[[ Source records, beginning ]]

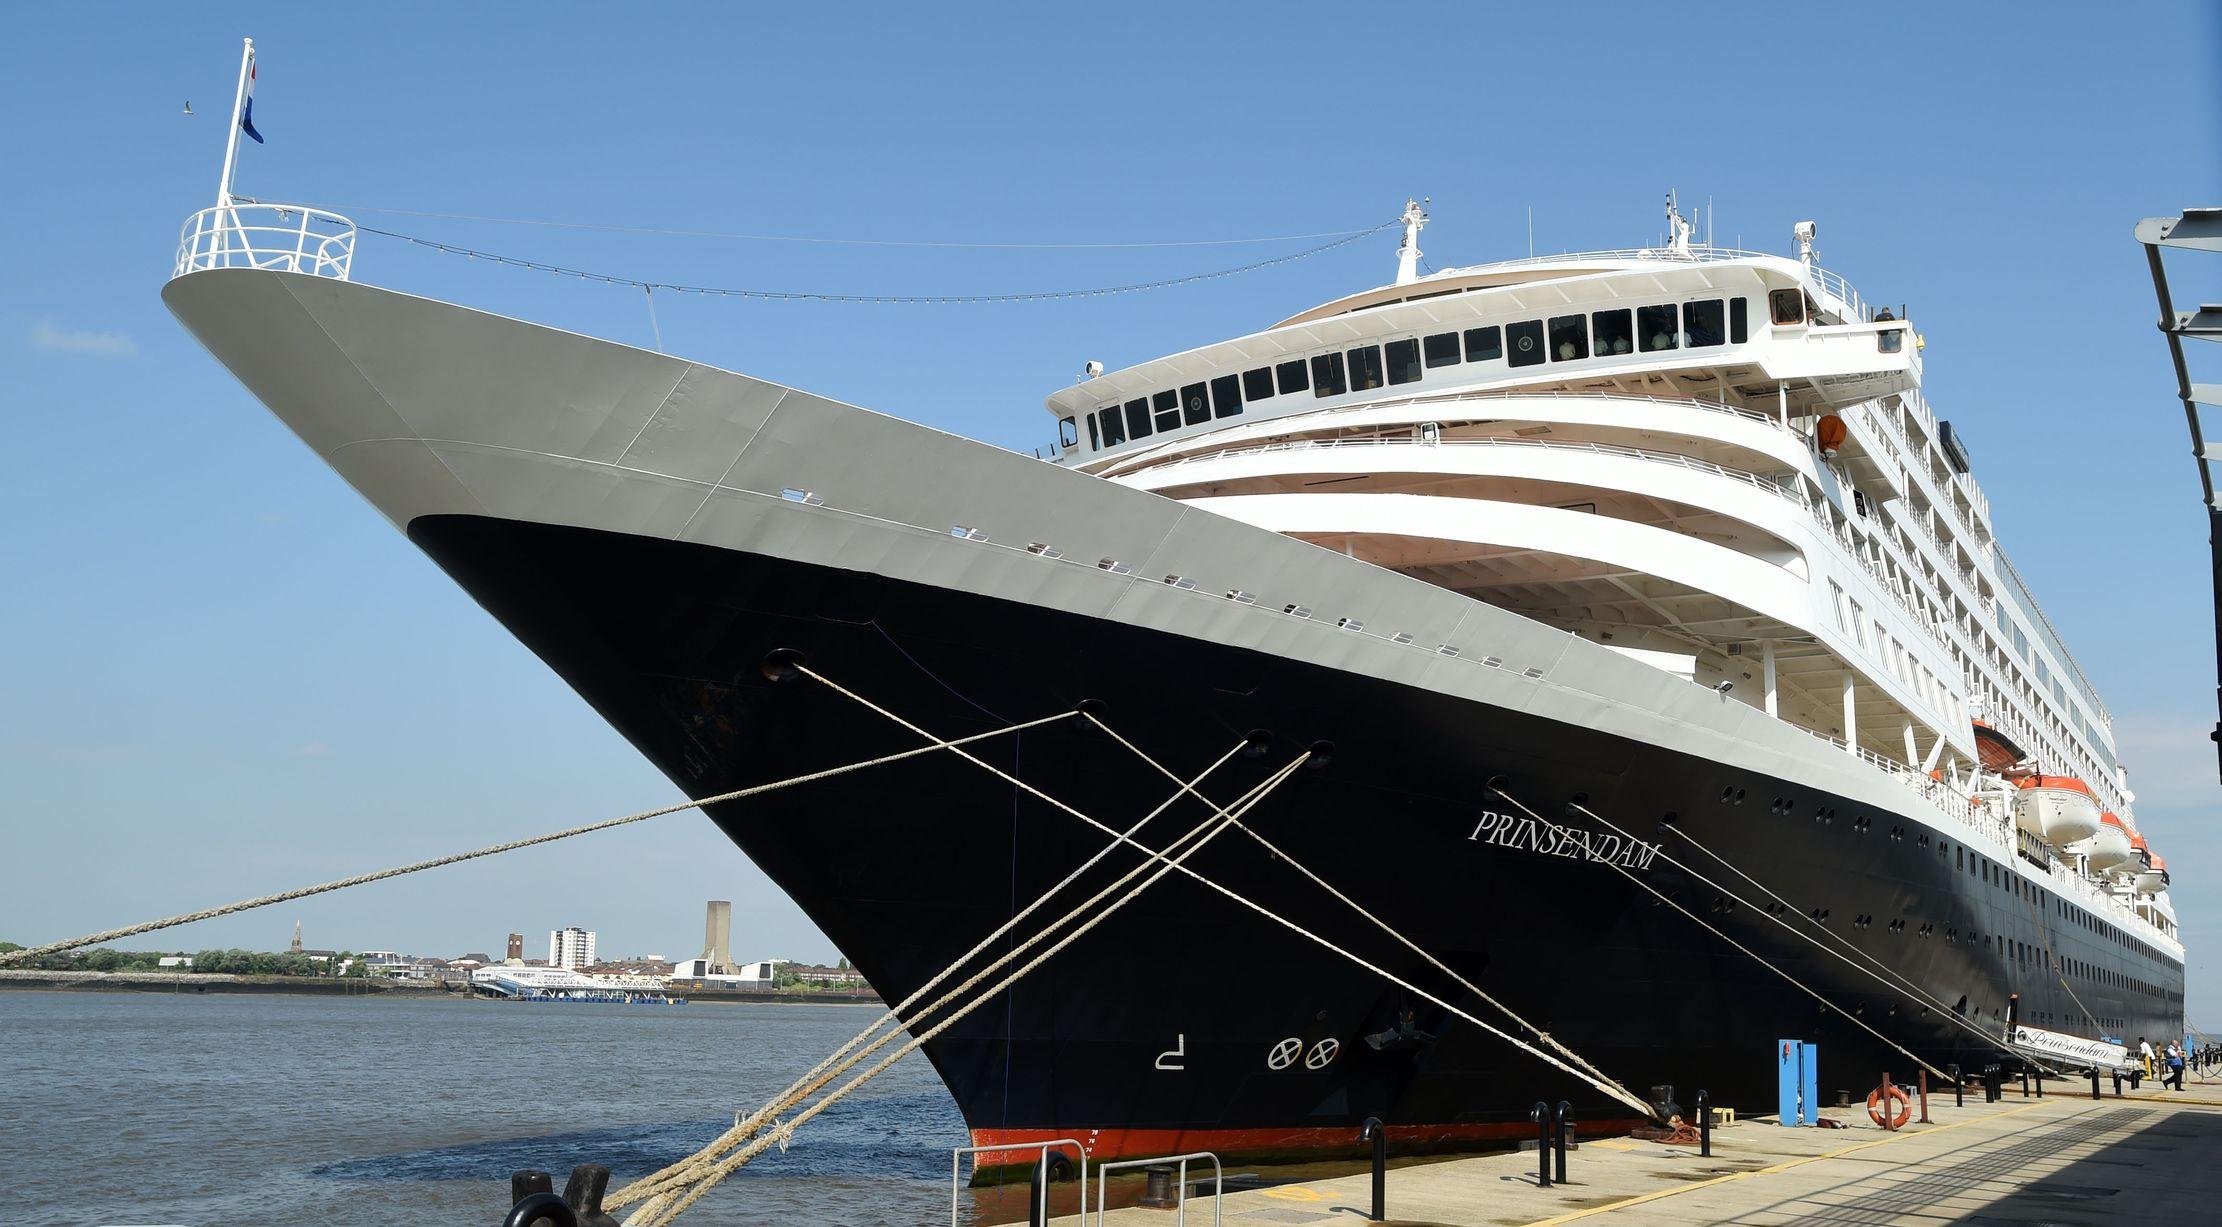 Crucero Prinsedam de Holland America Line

[[ Source records, end ]]
[[ Source records, beginning ]]

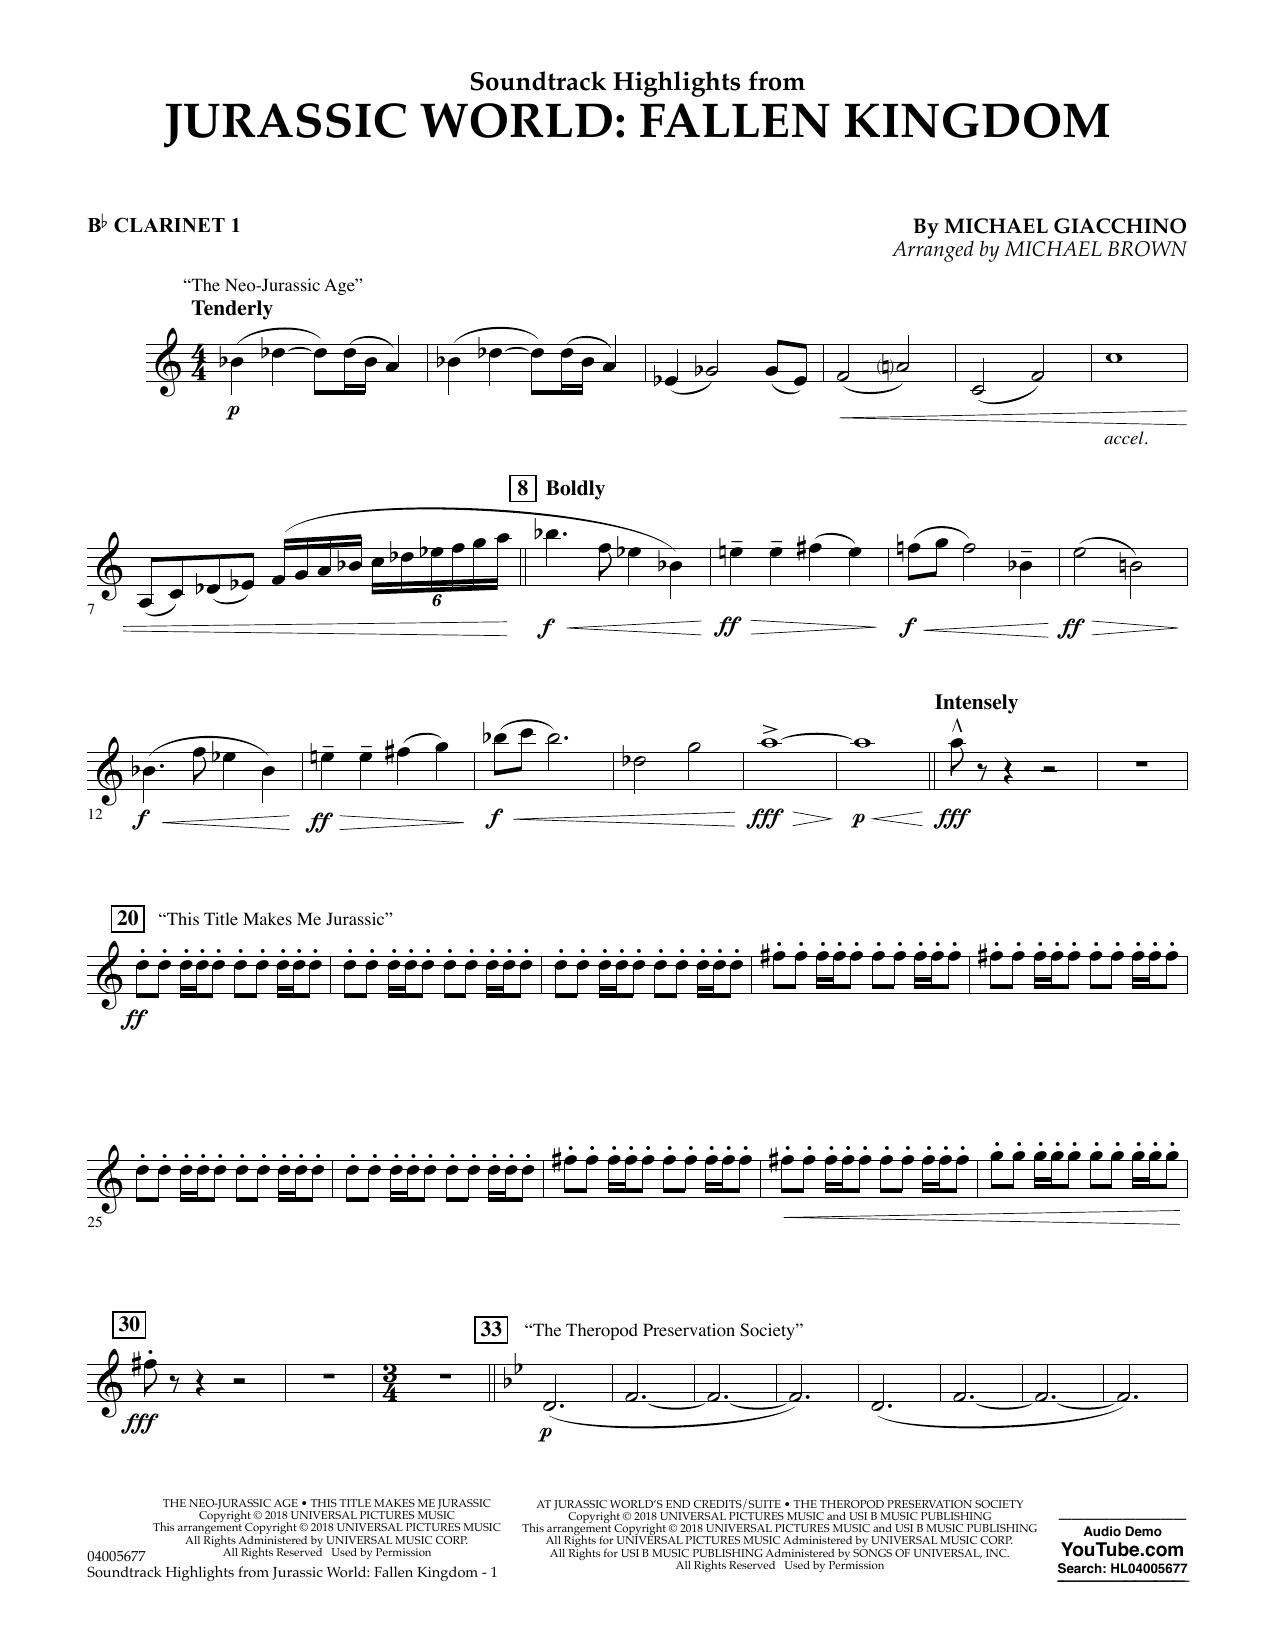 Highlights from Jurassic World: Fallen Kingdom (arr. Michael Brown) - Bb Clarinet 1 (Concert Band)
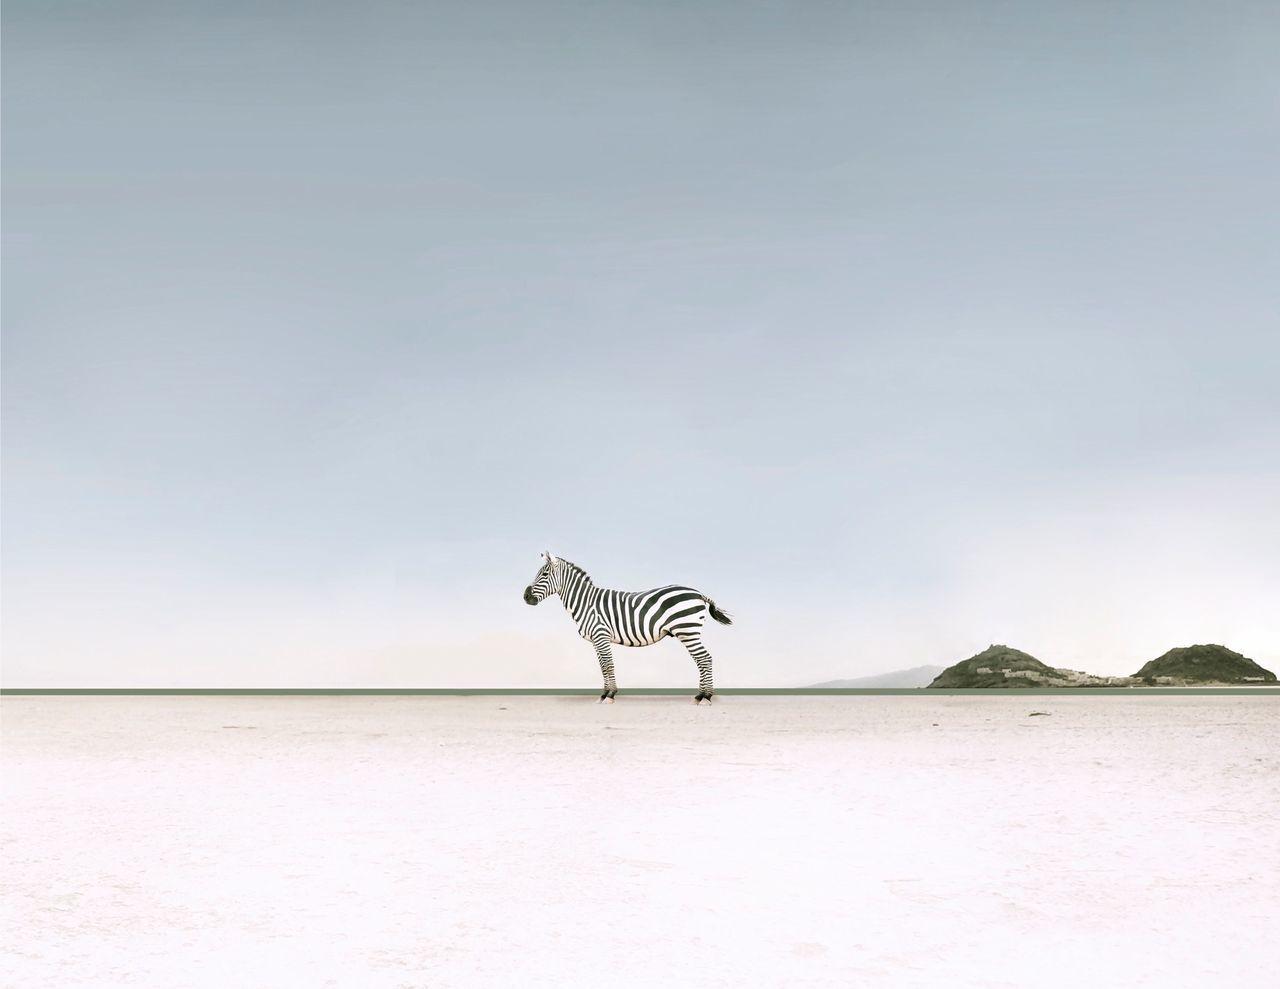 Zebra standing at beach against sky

[[ Source records, end ]]

▸ Task goal
Reproduce the listing above from the line that holds "Highlights from Jurassic" through the line that holds "Zebra standing at beach against sky", both included, with the pictures left out.

▸ Output below
 Highlights from Jurassic World: Fallen Kingdom (arr. Michael Brown) - Bb Clarinet 1 (Concert Band)
 Zebra standing at beach against sky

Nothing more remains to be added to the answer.